§ DATA SHOWN:
----------------------------------------

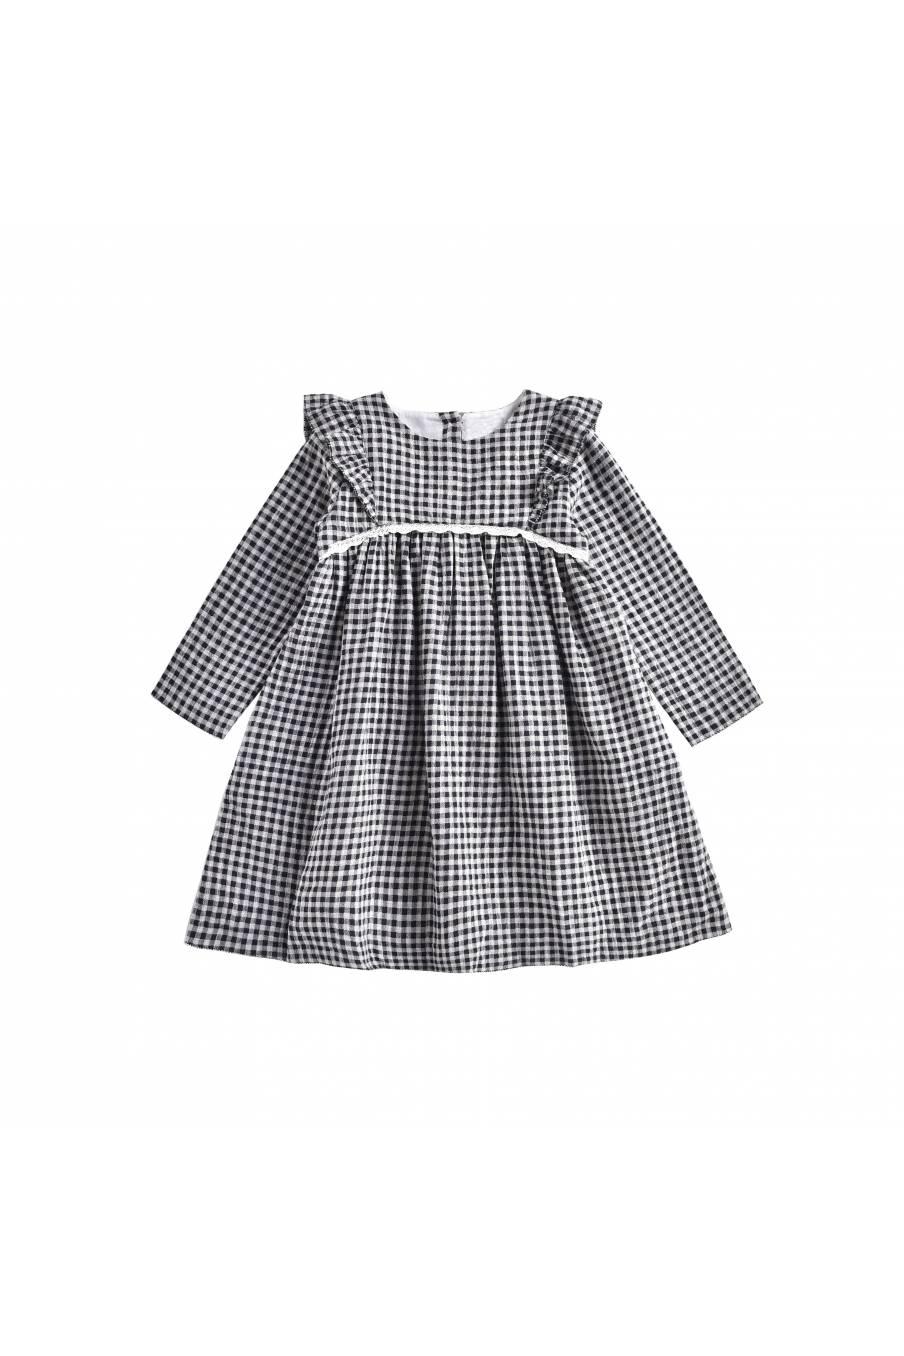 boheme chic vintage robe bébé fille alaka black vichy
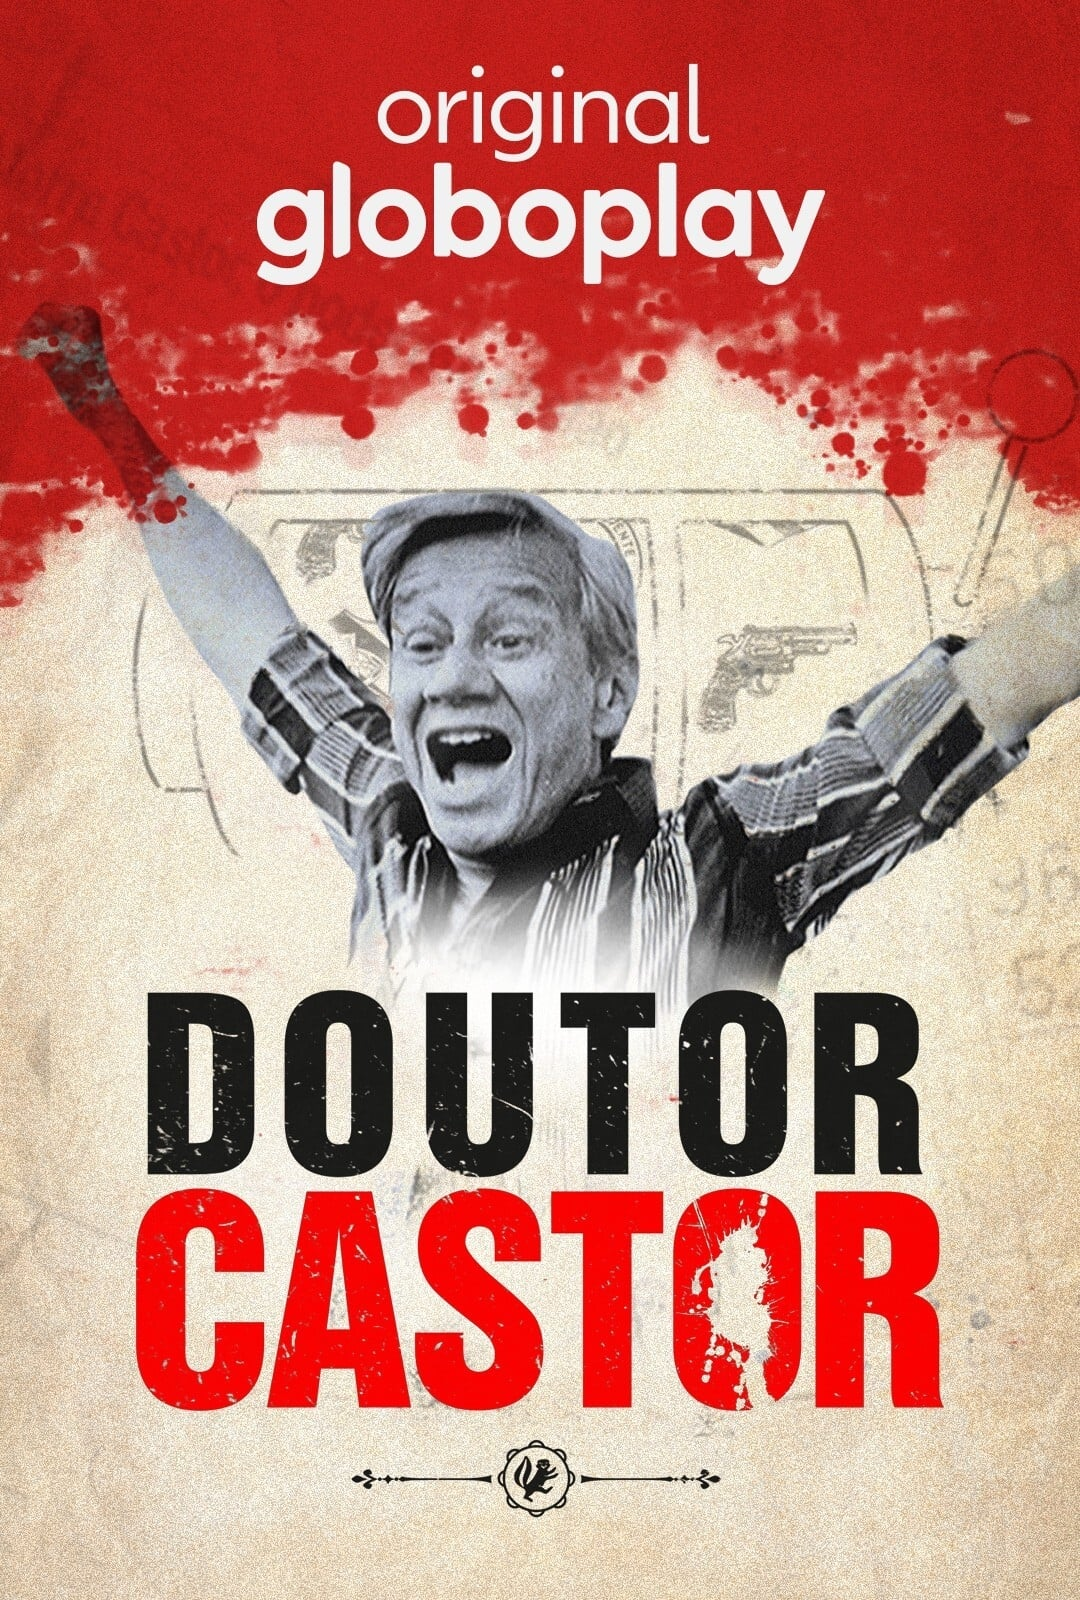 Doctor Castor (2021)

----------------------------------------

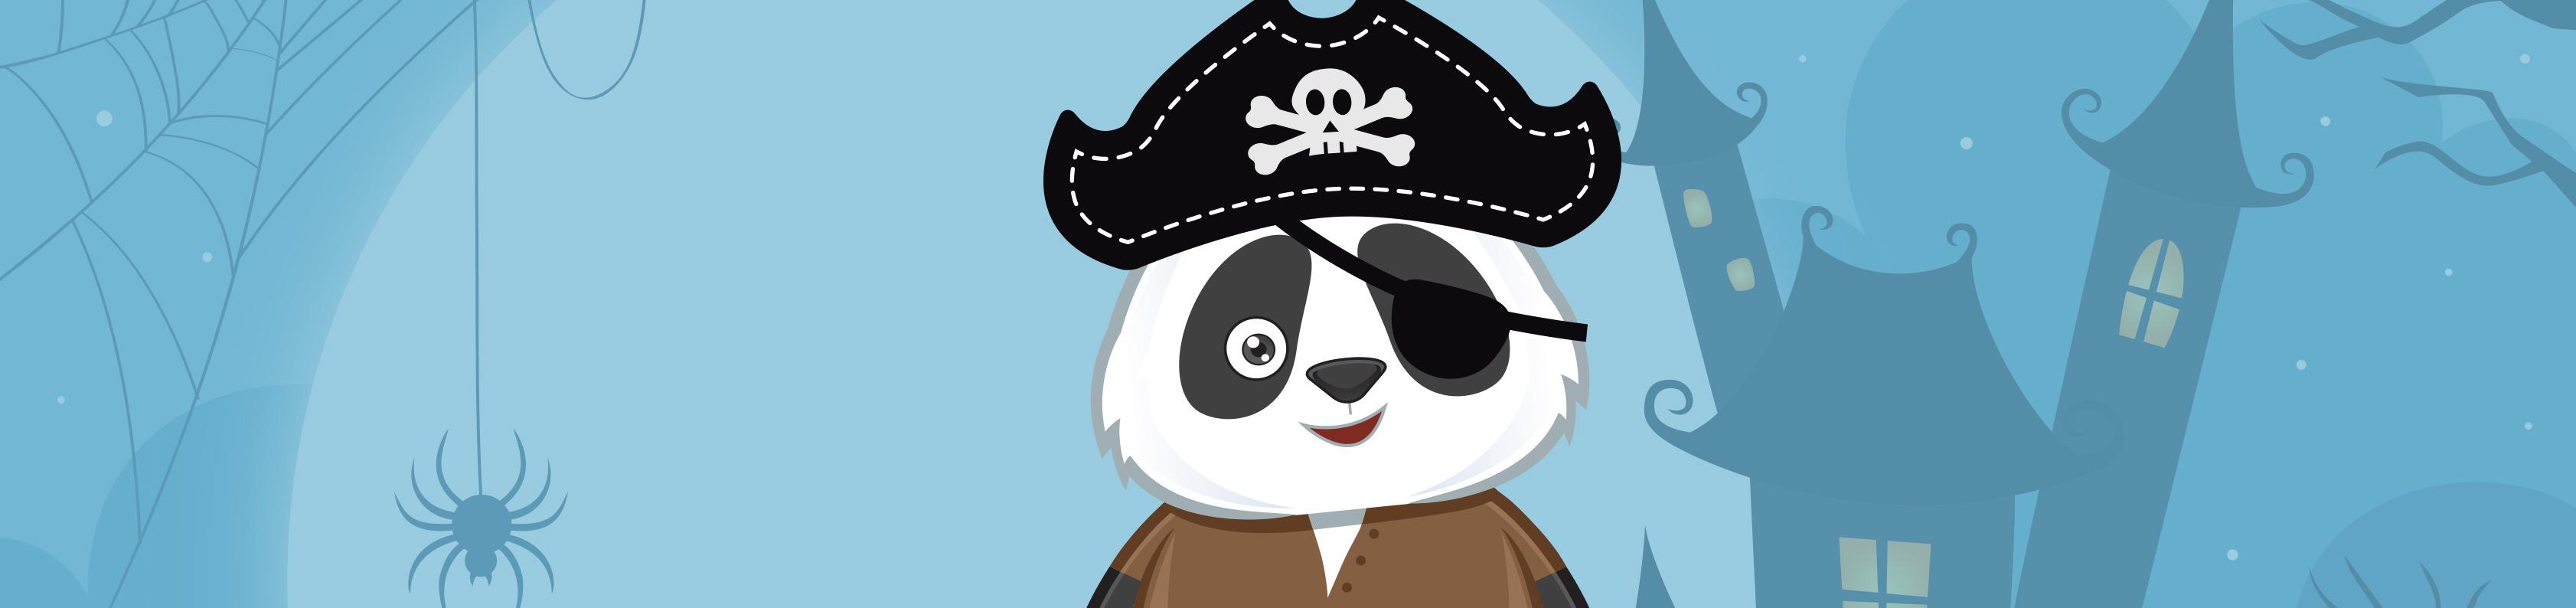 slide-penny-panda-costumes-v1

----------------------------------------

§ THE TASK: Retype, exactly and with no pictures, everything above from the line with "boheme chic vintage" down to the line with "Doctor Castor (2021)", both included.

§ ANSWER TO THIS TASK:
 boheme chic vintage robe bébé fille alaka black vichy
 Doctor Castor (2021)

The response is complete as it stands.